Detecting Deepfake Audio by Modeling the Human Acoustic Tract
This is interesting research:
In this paper, we develop a new mechanism for detecting audio deepfakes using techniques from the field of articulatory phonetics. Specifically, we apply fluid dynamics to estimate the arrangement of the human vocal tract during speech generation and show that deepfakes often model impossible or highly-unlikely anatomical arrangements. When parameterized to achieve 99.9% precision, our detection mechanism achieves a recall of 99.5%, correctly identifying all but one deepfake sample in our dataset.
From an article by two of the researchers:
The first step in differentiating speech produced by humans from speech generated by deepfakes is understanding how to acoustically model the vocal tract. Luckily scientists have techniques to estimate what someone—or some being such as a dinosaur—would sound like based on anatomical measurements of its vocal tract.
We did the reverse. By inverting many of these same techniques, we were able to extract an approximation of a speaker’s vocal tract during a segment of speech. This allowed us to effectively peer into the anatomy of the speaker who created the audio sample.
From here, we hypothesized that deepfake audio samples would fail to be constrained by the same anatomical limitations humans have. In other words, the analysis of deepfaked audio samples simulated vocal tract shapes that do not exist in people.

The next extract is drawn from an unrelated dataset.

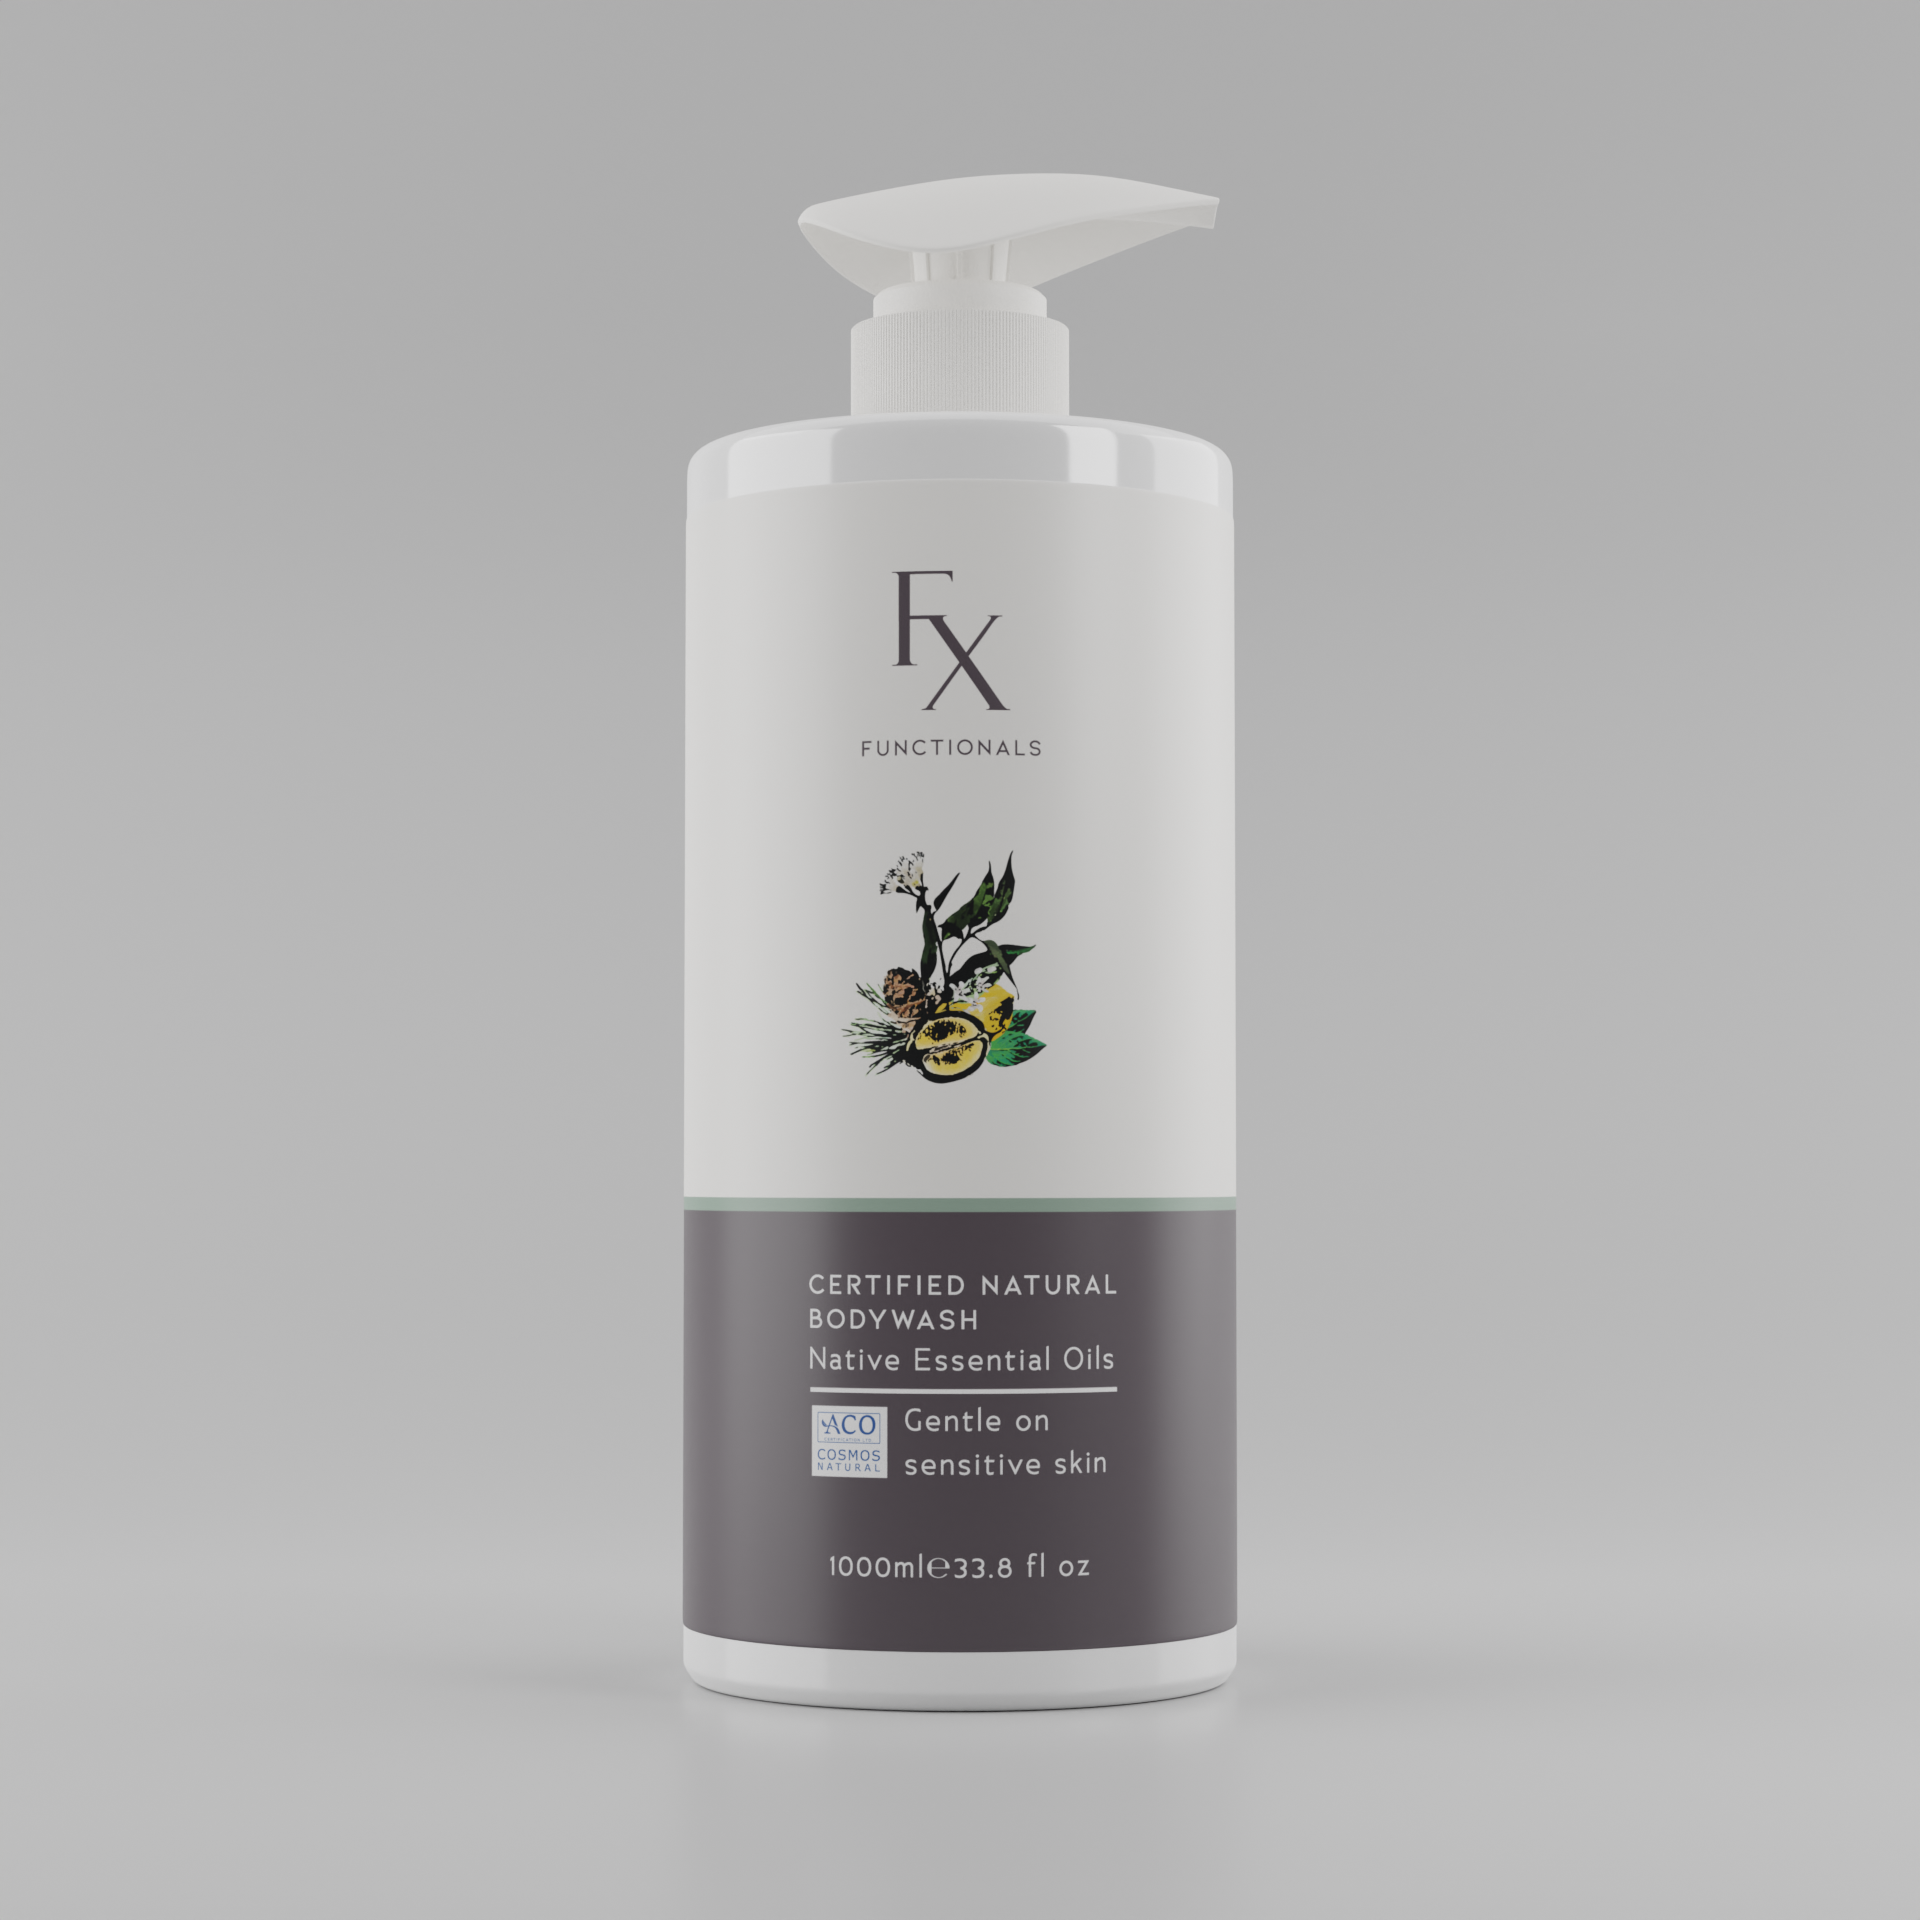 Certified Natural Bodywash with Australian native essential oils on grey background

Our testing results not only confirmed our hypothesis but revealed something interesting. When extracting vocal tract estimations from deepfake audio, we found that the estimations were often comically incorrect. For instance, it was common for deepfake audio to result in vocal tracts with the same relative diameter and consistency as a drinking straw, in contrast to human vocal tracts, which are much wider and more variable in shape.
This is, of course, not the last word. Deepfake generators will figure out how to use these techniques to create harder-to-detect fake voices. And the deepfake detectors will figure out another, better, detection technique. And the arms race will continue.
Slashdot thread.
Clive Robinson • October 3, 2022 8:07 AM
@ Bruce, ALL,
Re : Arms race on fakes
And it’s not that hard to see how. From the article,
Note that the “approximation” is just from the acoustic information.

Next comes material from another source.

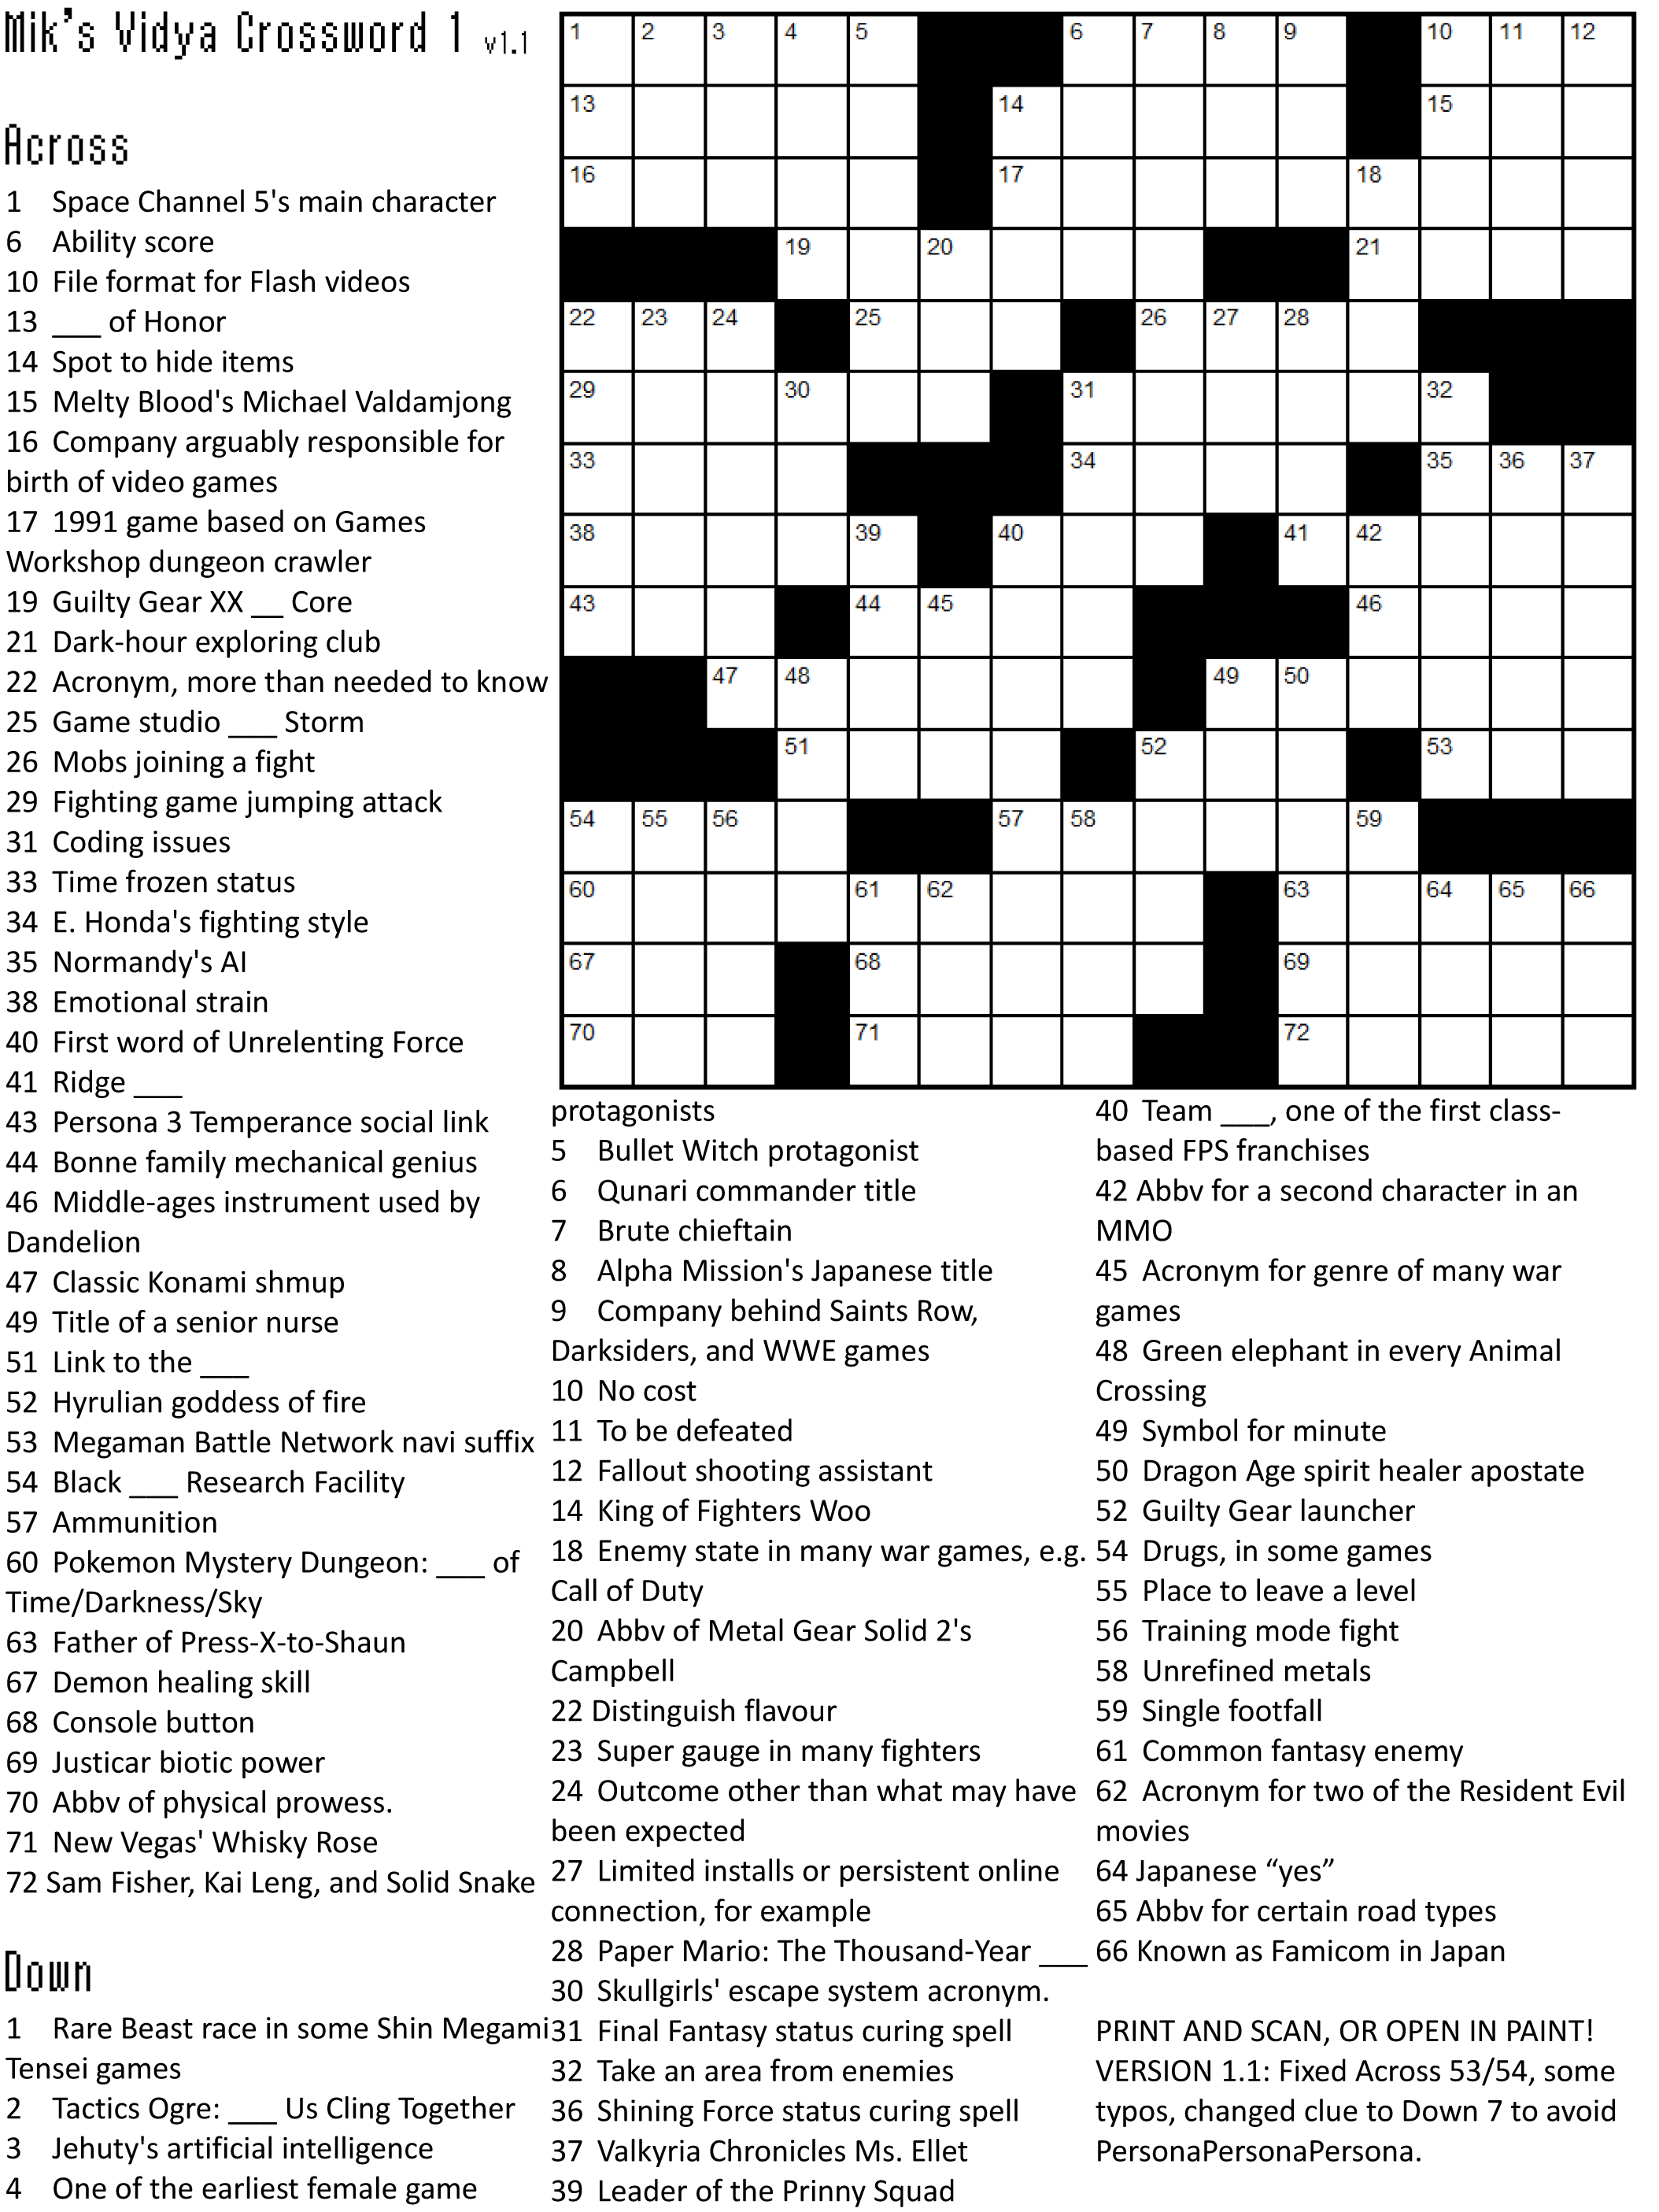 Free Printable Full Square Crossword Puzzles For Kids

Although quite different in detail, it can be seen that if you have a face and profile image of the speaker you can come up with an “approximation” of the alledged speakers vocal tract.
So even if the deep fake “audio approximation” is within “human constraints”, how well will it align with the alleged individuals “image approximation”?

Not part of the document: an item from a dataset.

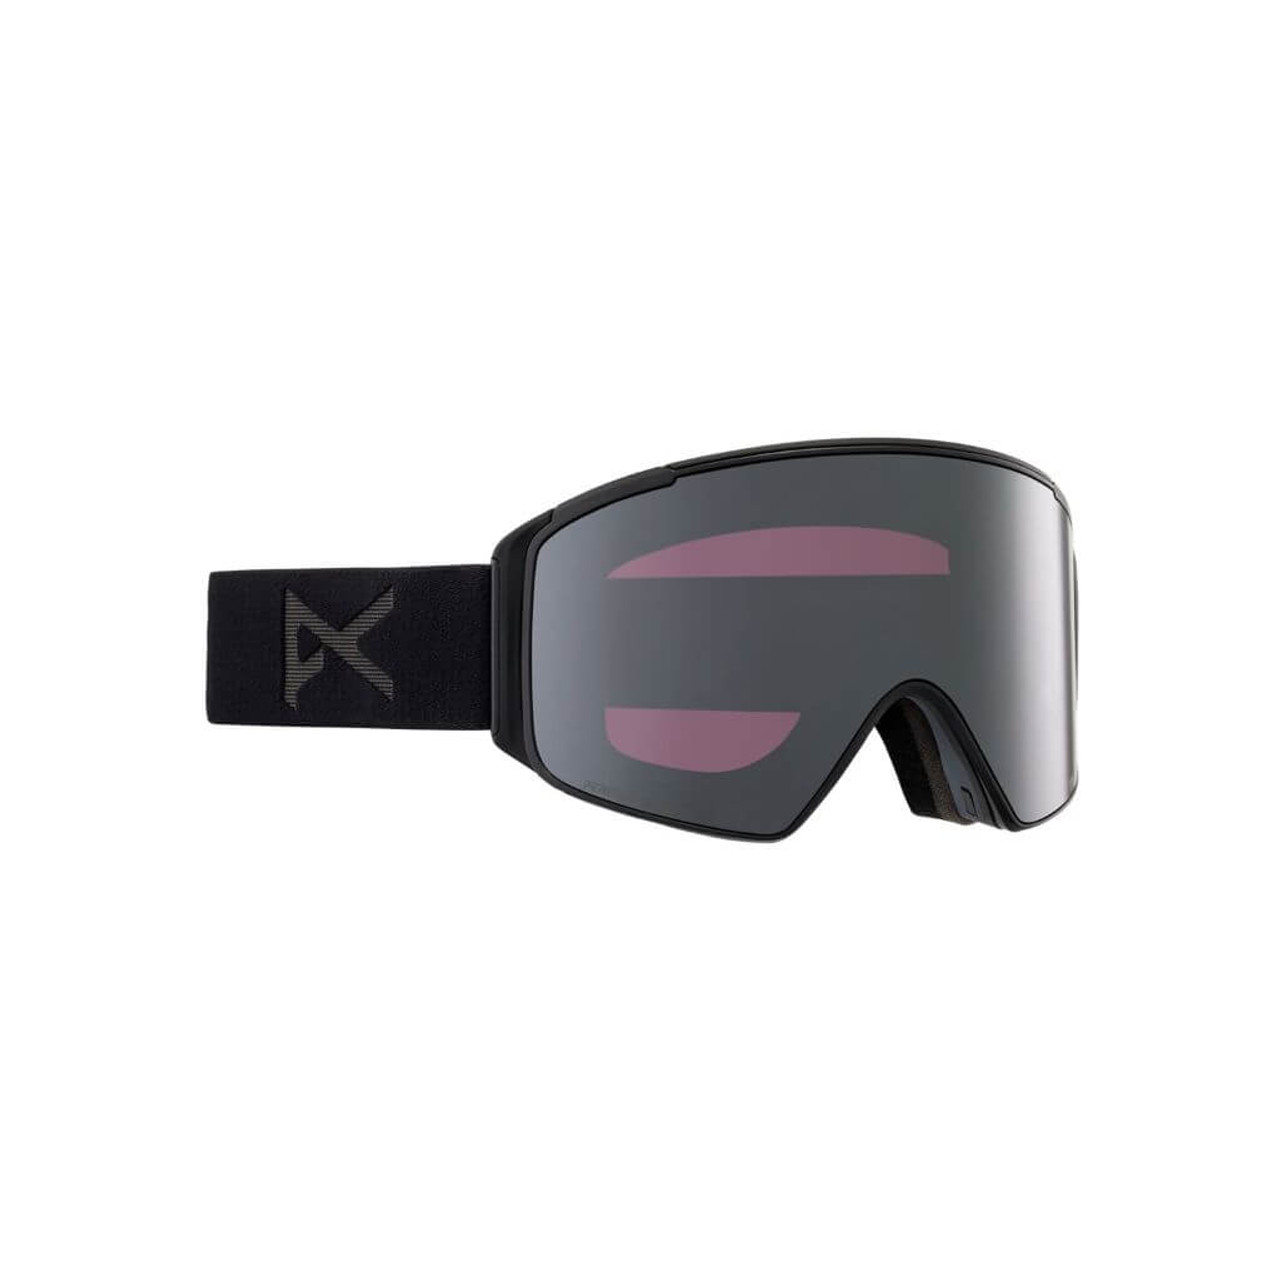 Smoke w/Perceive Sunny Onyx - Anon M4S Cylindrical goggle

Probably not that well without a lot of work.
However it will get more fun with “video” as in men certainly the movment of the Adams Apple is sufficiently clear to make a dynamic model…
As back in the days of the ECM ECCM… Arms race the question is not realy how far can it go technically but the resource costs involved.
But also consider that a similar analysis will enable deep fake videos to be unmasked. That is if you have a known genuine audio of a speaker you can build a model, then articulate it with the video audio track and compare to the video image of the audio tract.
It is certain that as the bit resolution and scan rates of audio, image and video recordings increases things like “blood flow to emmotion” and much else will fall under scruitiny for deep-fakes. One that should be easy to do is examine the “eye response to artificial lighting”, another “head movments to background noise”.
If people remember back, in the UK quite a few years back, an audio recording was shown to be fake because the very low level “mains hum” did not align with the time claimed and the “National Grid” records.
I think people would be supprised at the amount of research in this area is going to appear over the next few years.
Primarily at the moment it’s fairly easy to “make your name” as there is minimal academic competition, but that will change with just the publication of one or two papers.